* TASK ITEM:
Return the material below exactly, but only from the line with "威宇隆工业园写字楼出租56平米简装办公室50元/m².月" through the line with "Neck Pullover Sweatshirt", and without its pictures.
** STORED DATA follows **
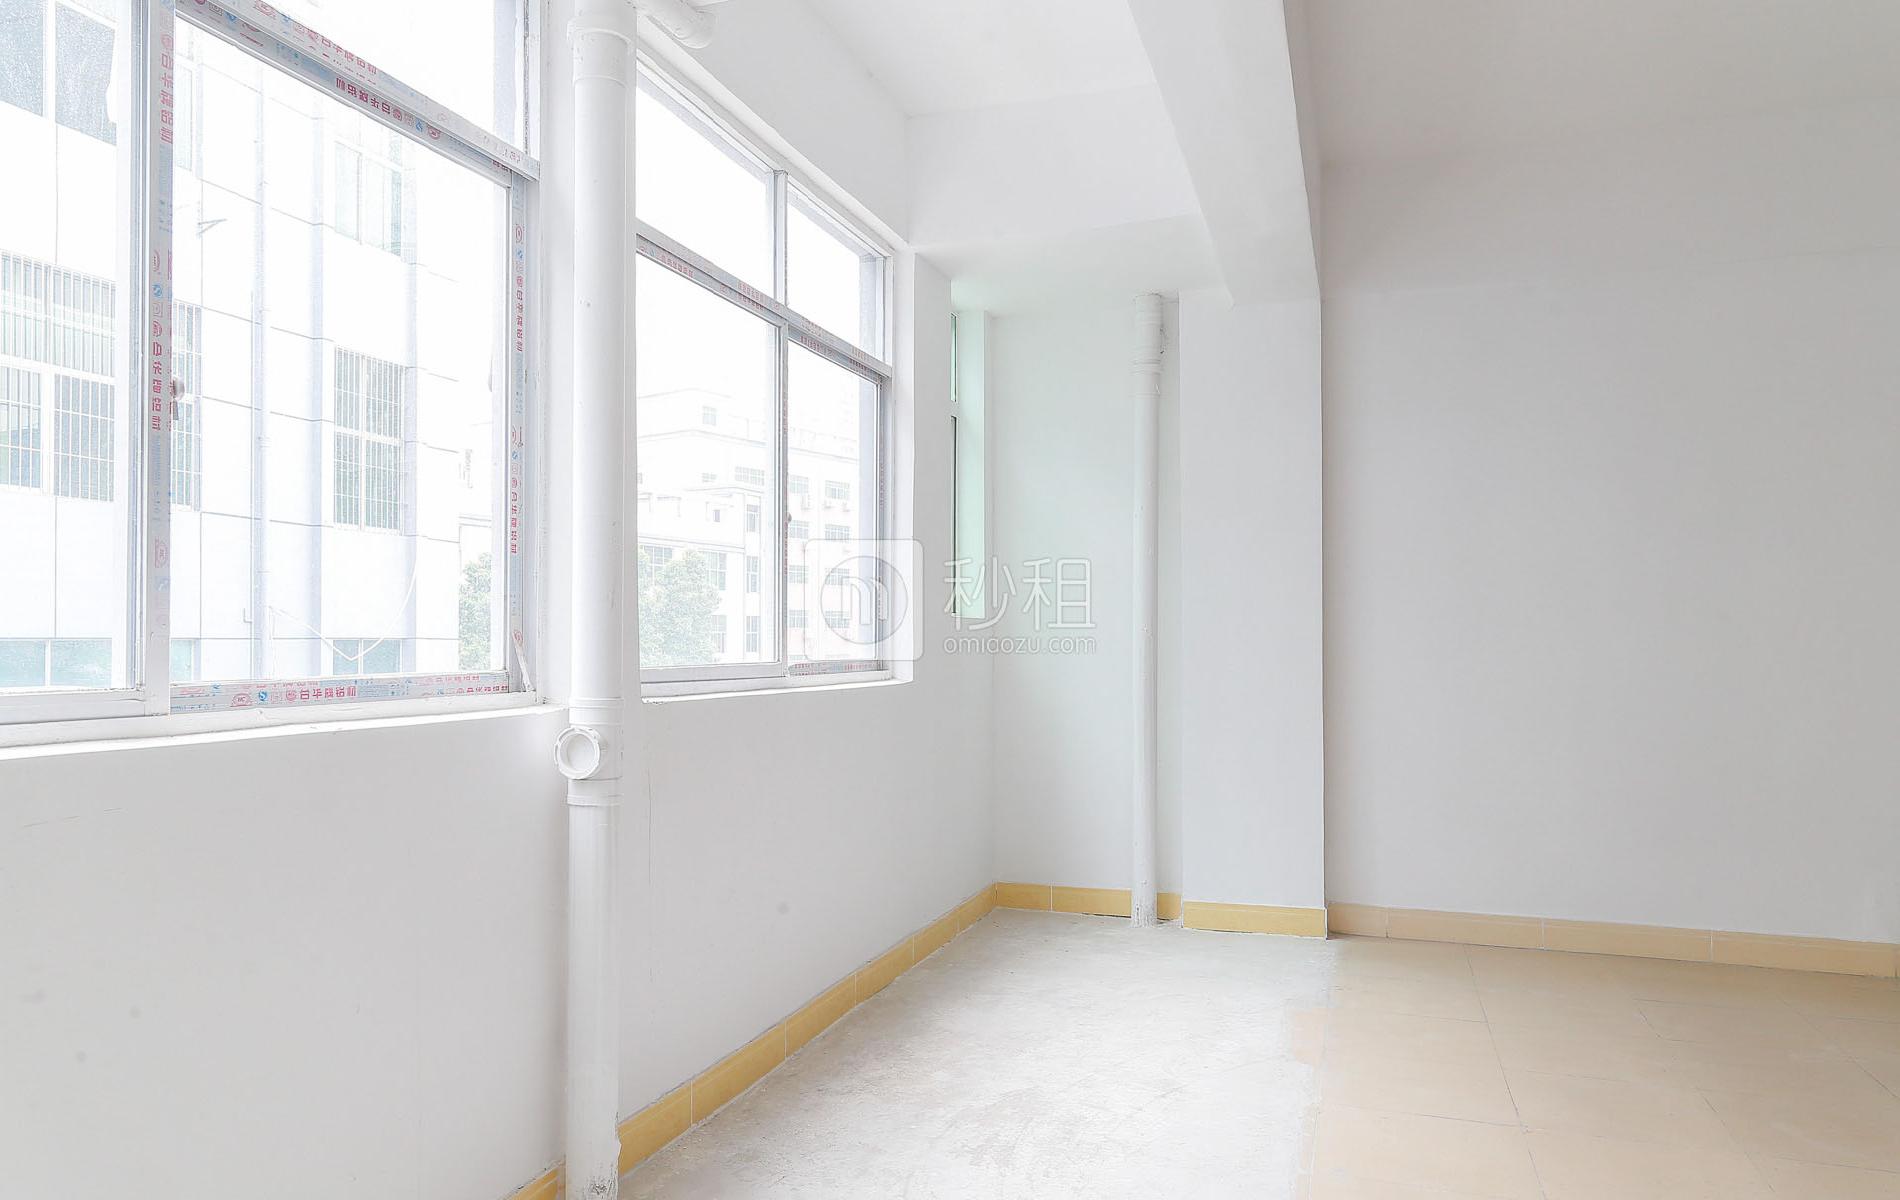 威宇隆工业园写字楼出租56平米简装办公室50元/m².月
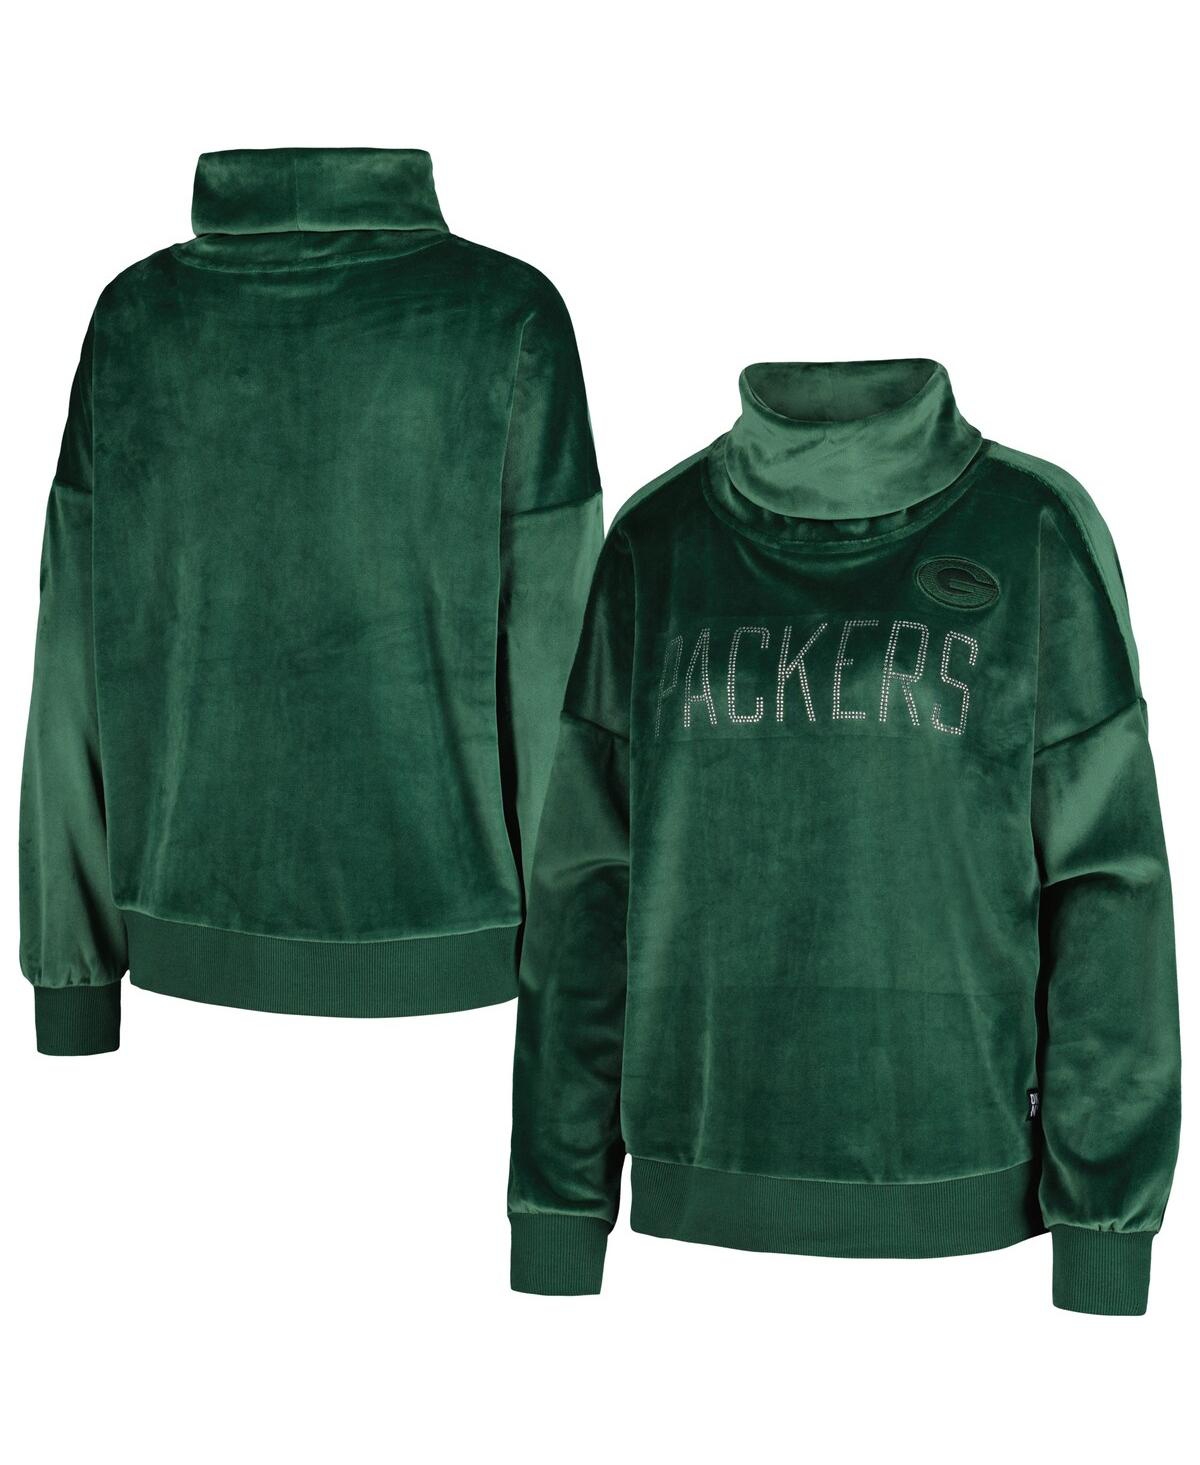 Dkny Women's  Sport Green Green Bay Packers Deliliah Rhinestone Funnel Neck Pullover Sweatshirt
** End of STORED DATA **
** STORED DATA follows **
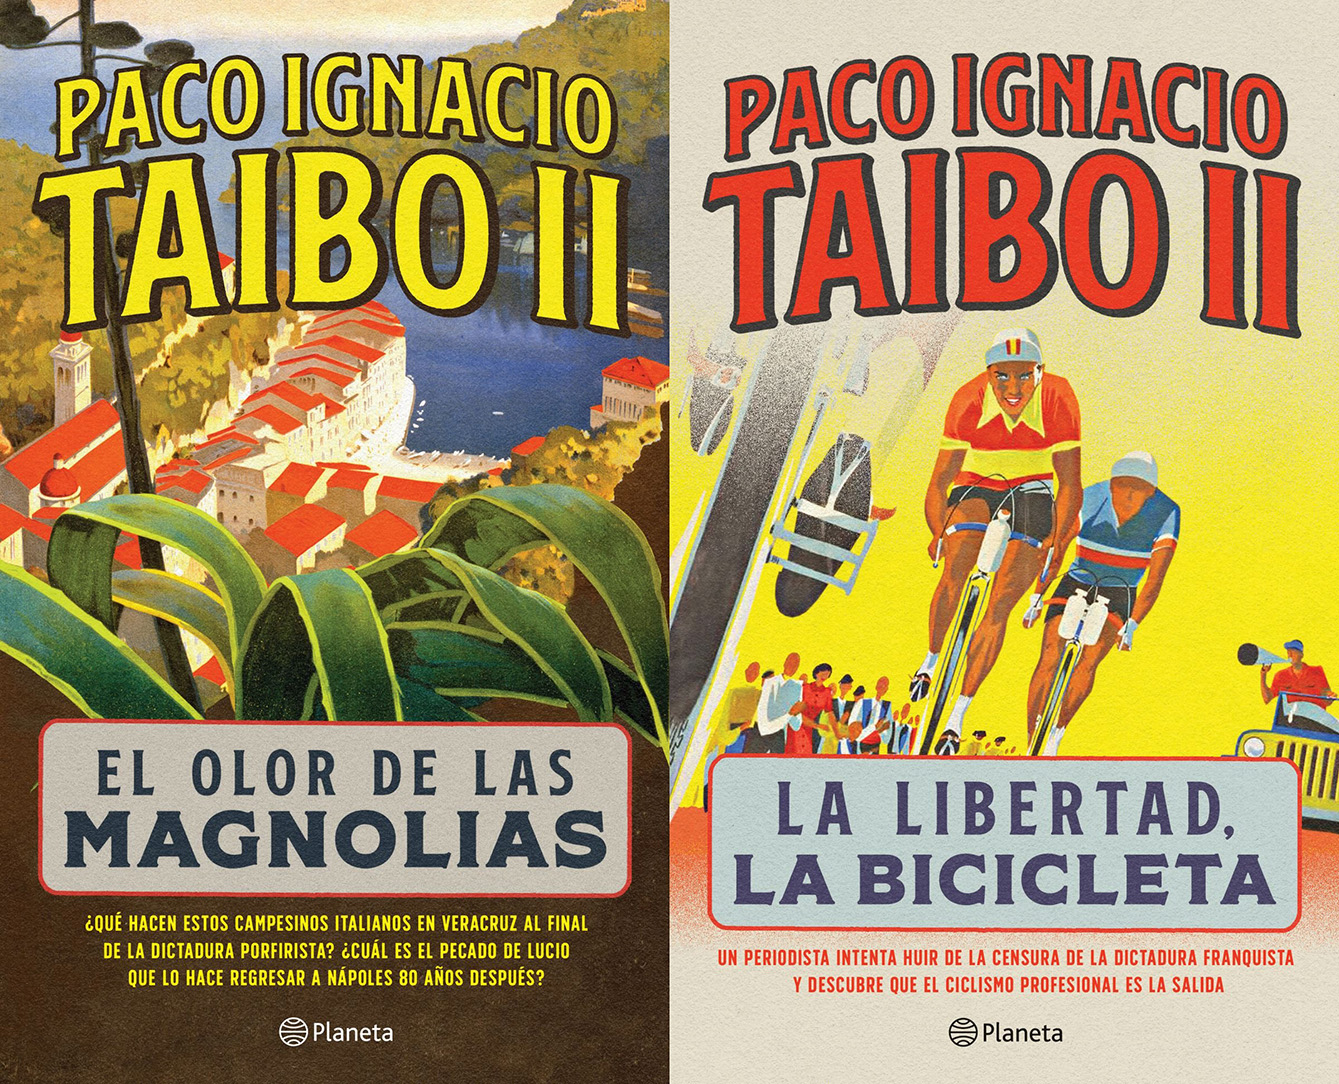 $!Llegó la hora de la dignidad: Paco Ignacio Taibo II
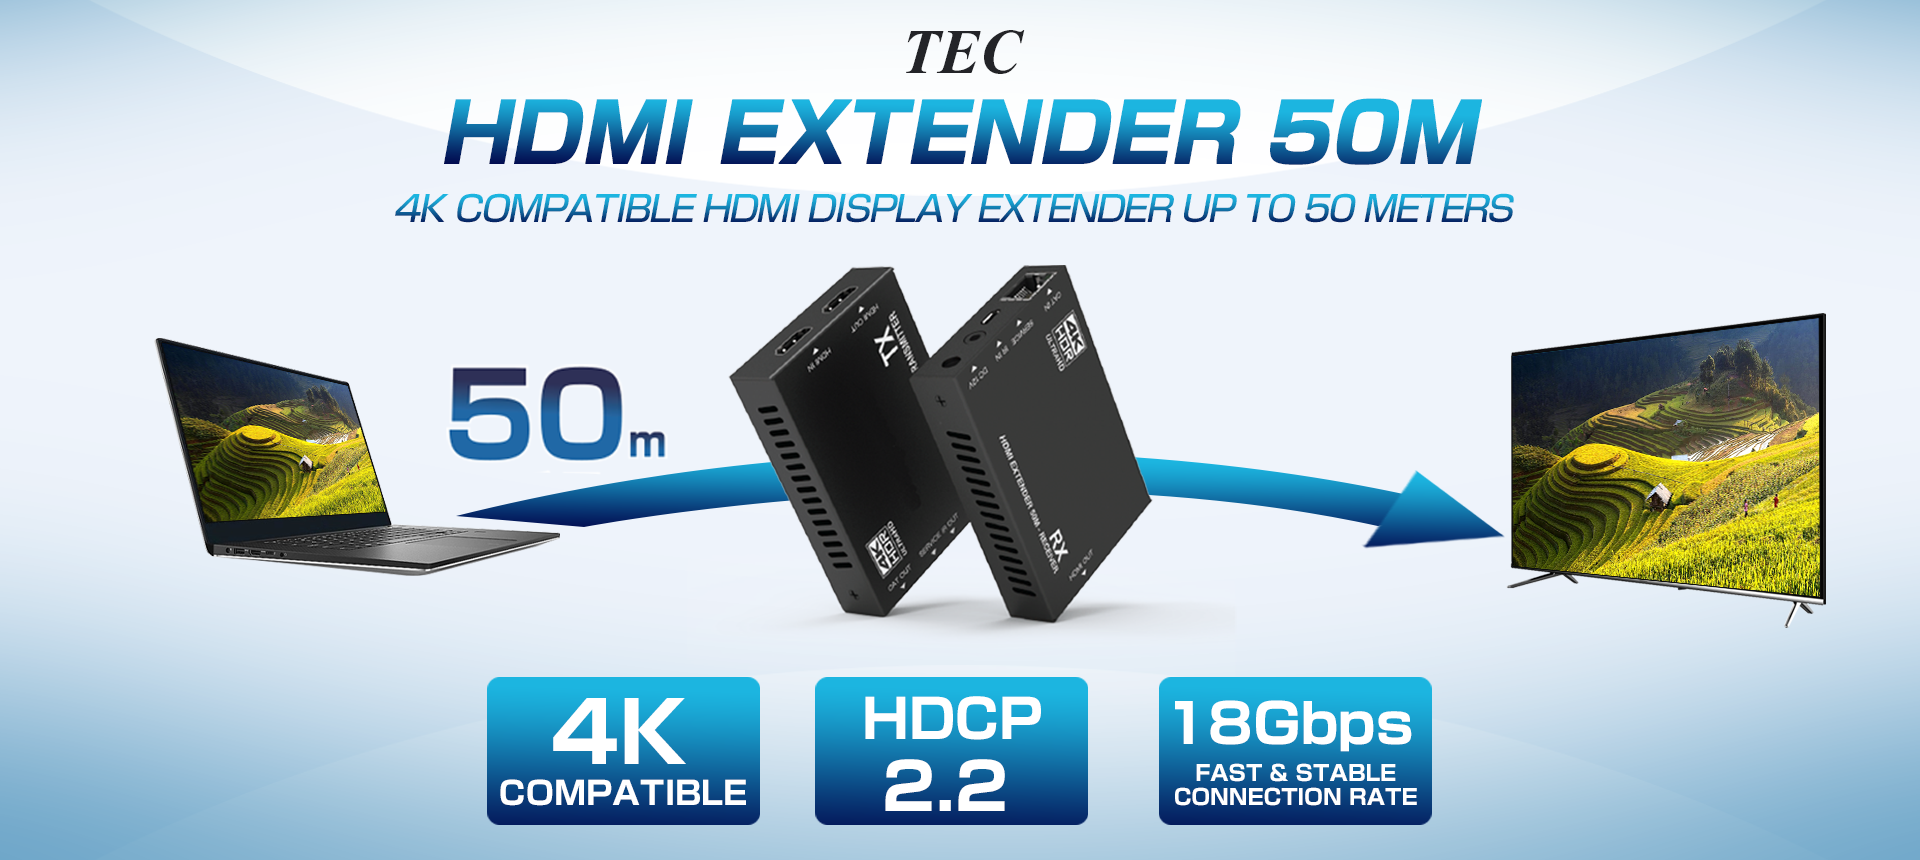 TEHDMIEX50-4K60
** End of STORED DATA **
* WRITTEN RESPONSE:
 威宇隆工业园写字楼出租56平米简装办公室50元/m².月
 Dkny Women's  Sport Green Green Bay Packers Deliliah Rhinestone Funnel Neck Pullover Sweatshirt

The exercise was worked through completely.